Supplied entries:
# # #
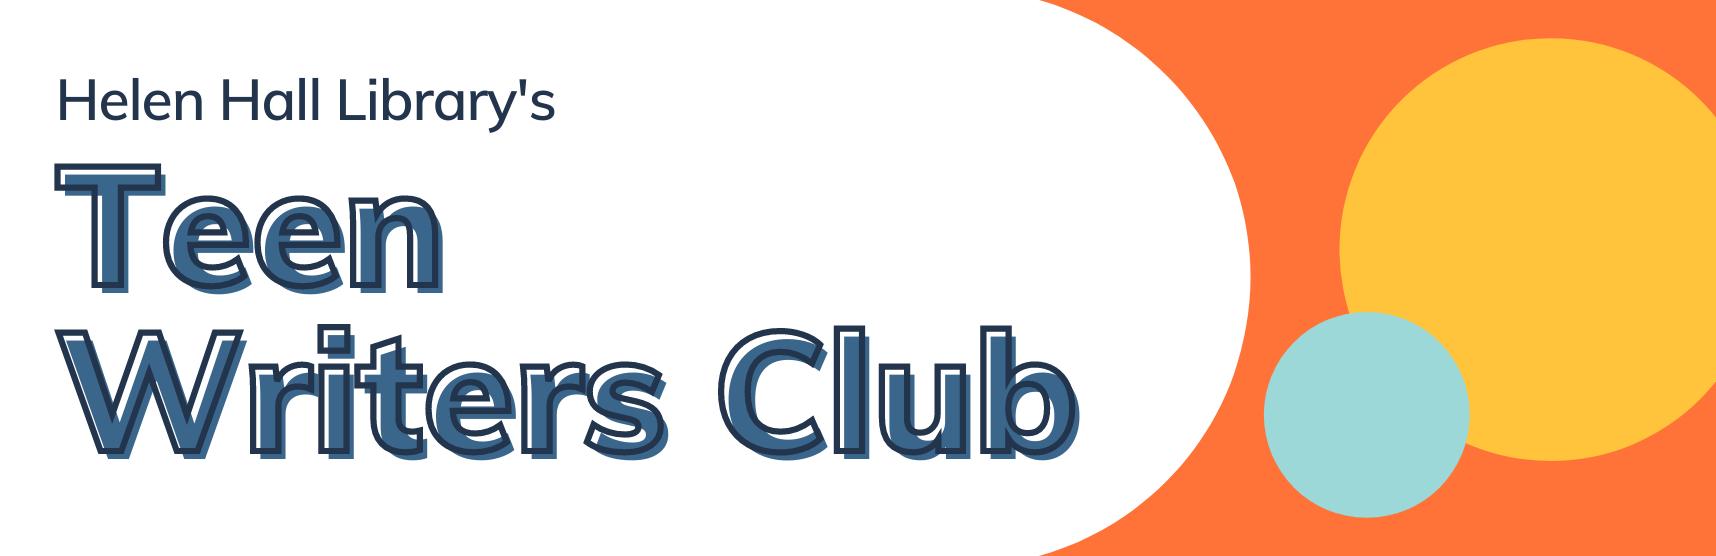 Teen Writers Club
# # #
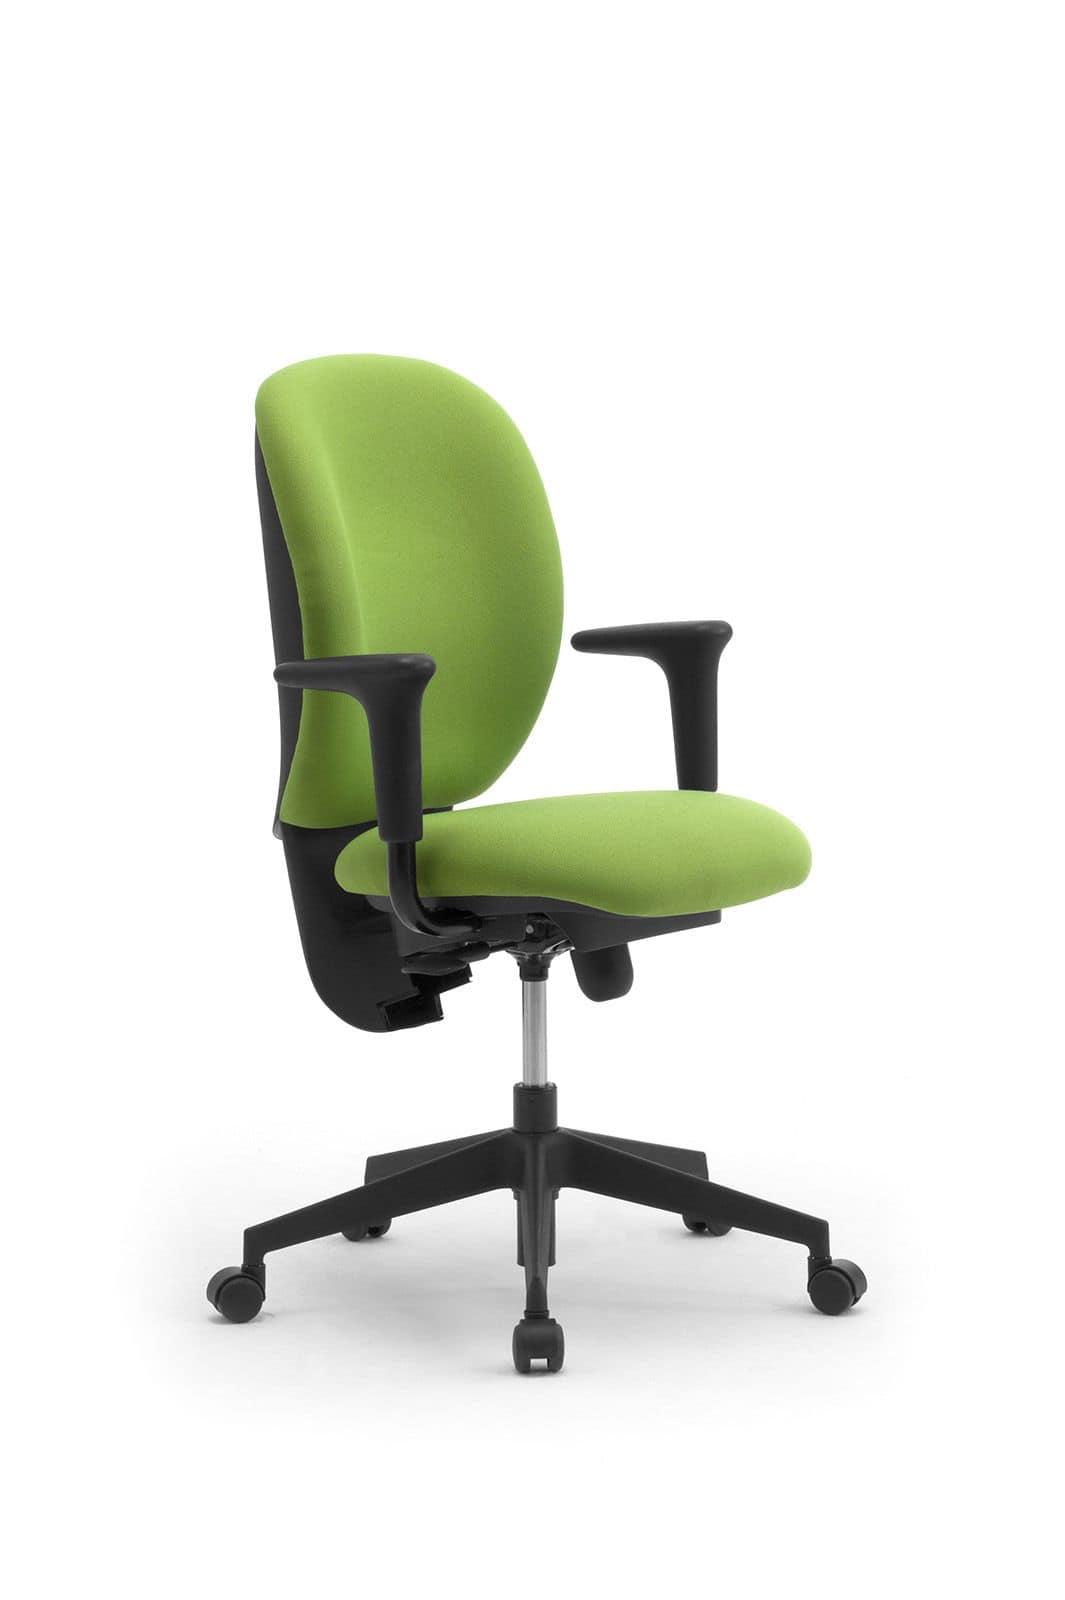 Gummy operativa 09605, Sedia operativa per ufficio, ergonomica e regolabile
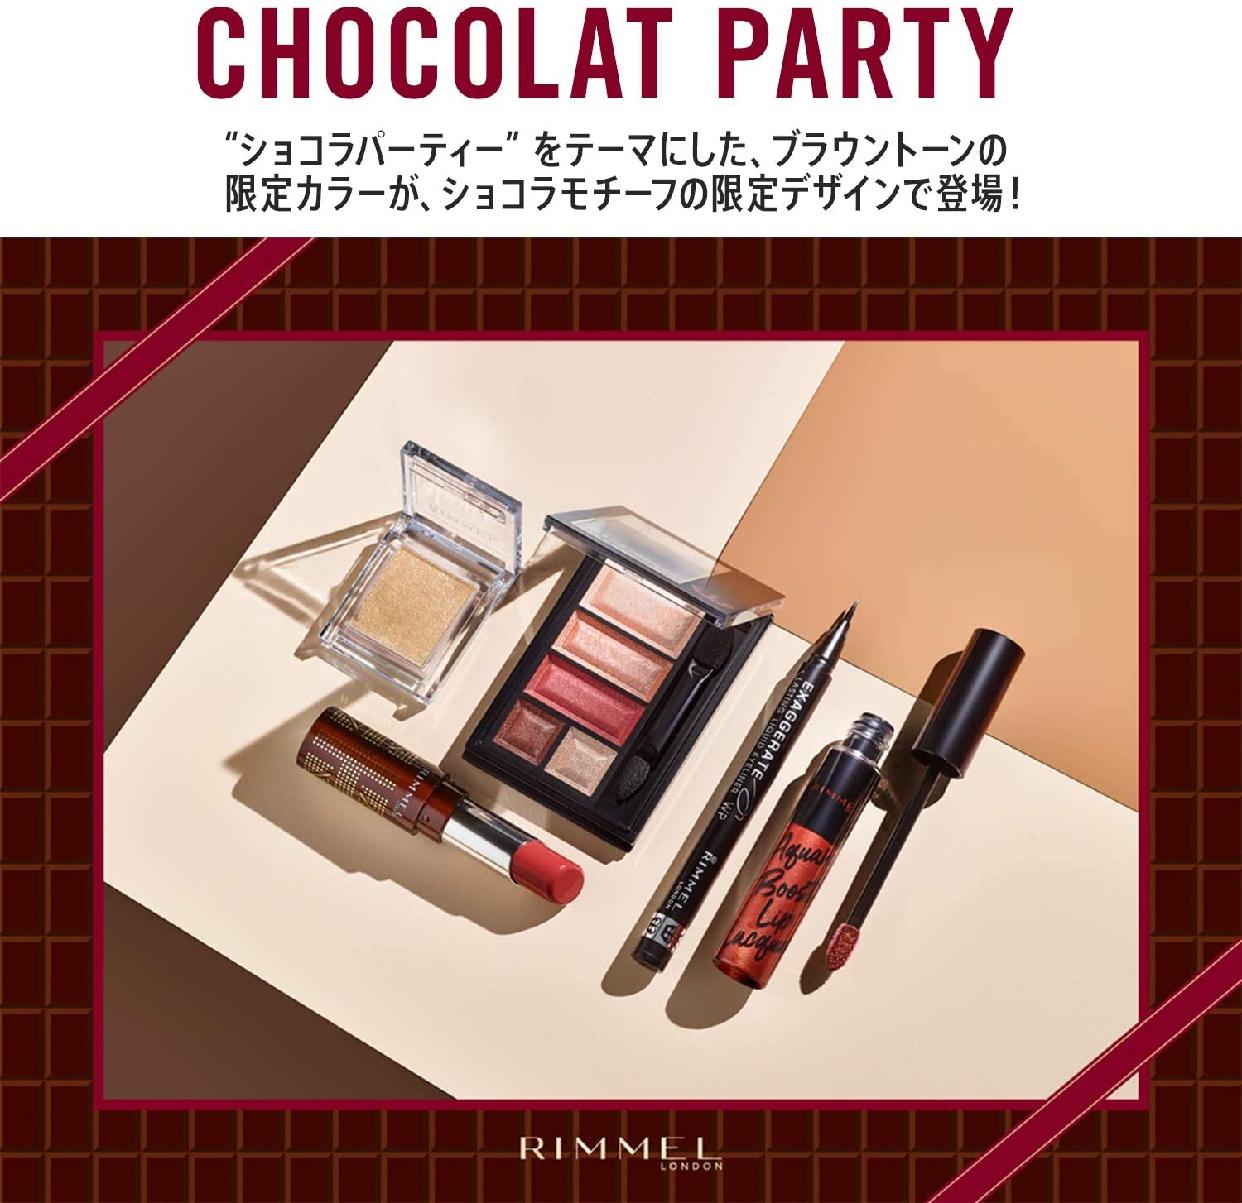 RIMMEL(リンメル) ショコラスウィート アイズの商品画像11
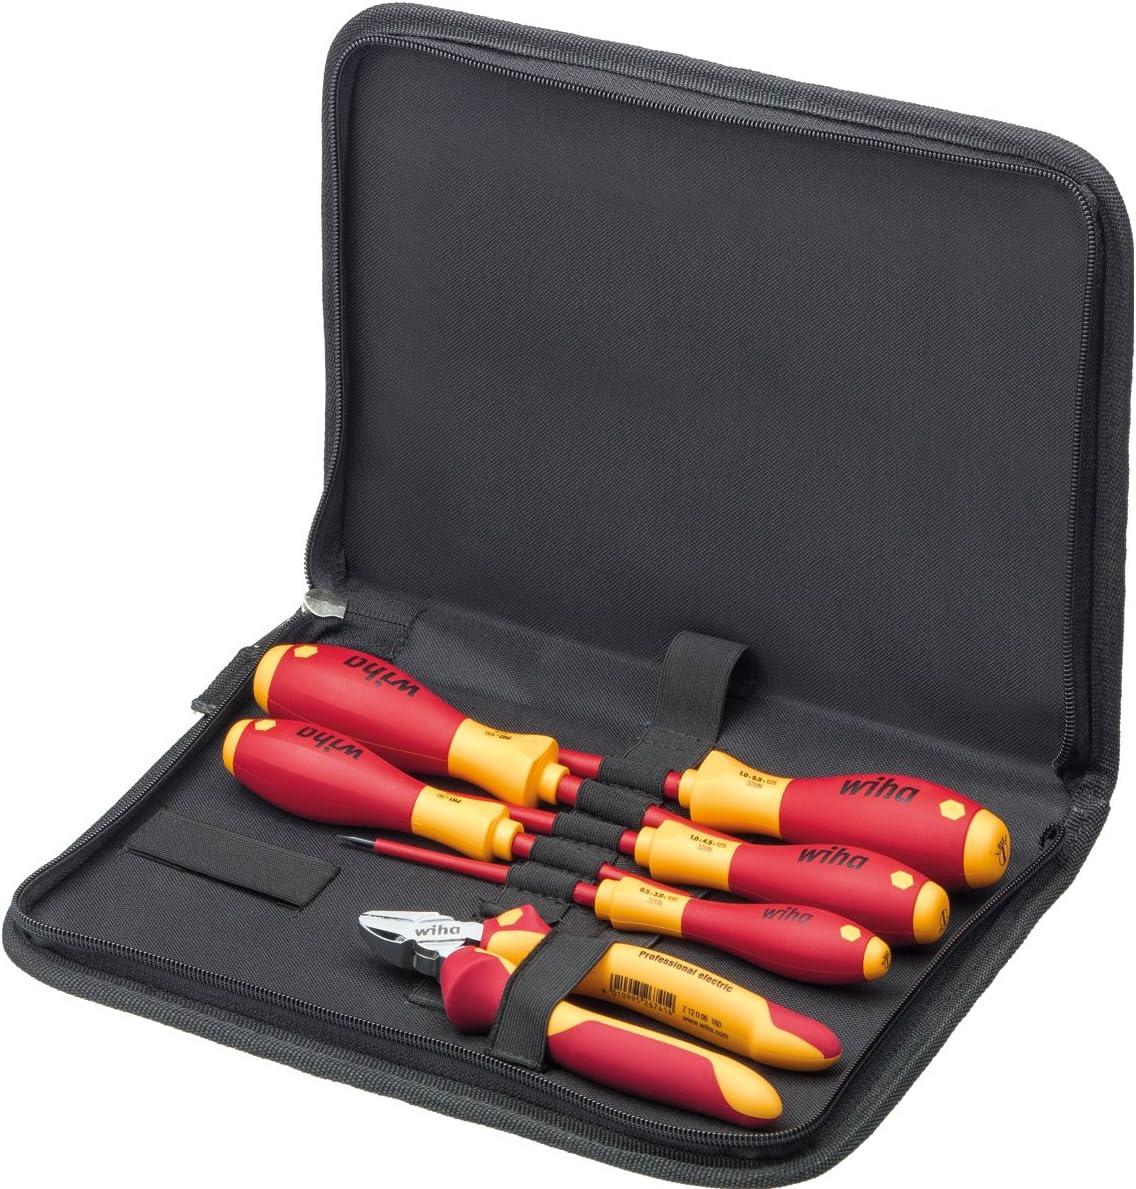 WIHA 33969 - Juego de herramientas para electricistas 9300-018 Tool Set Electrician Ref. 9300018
# # #
Your instructions: Give the lines above again exactly, from the one containing "RIMMEL(リンメル) ショコラスウィート アイズの商品画像11" to the one containing "WIHA 33969 - Juego", both included, but leave out the pictures.

Result for this task:
 RIMMEL(リンメル) ショコラスウィート アイズの商品画像11
 WIHA 33969 - Juego de herramientas para electricistas 9300-018 Tool Set Electrician Ref. 9300018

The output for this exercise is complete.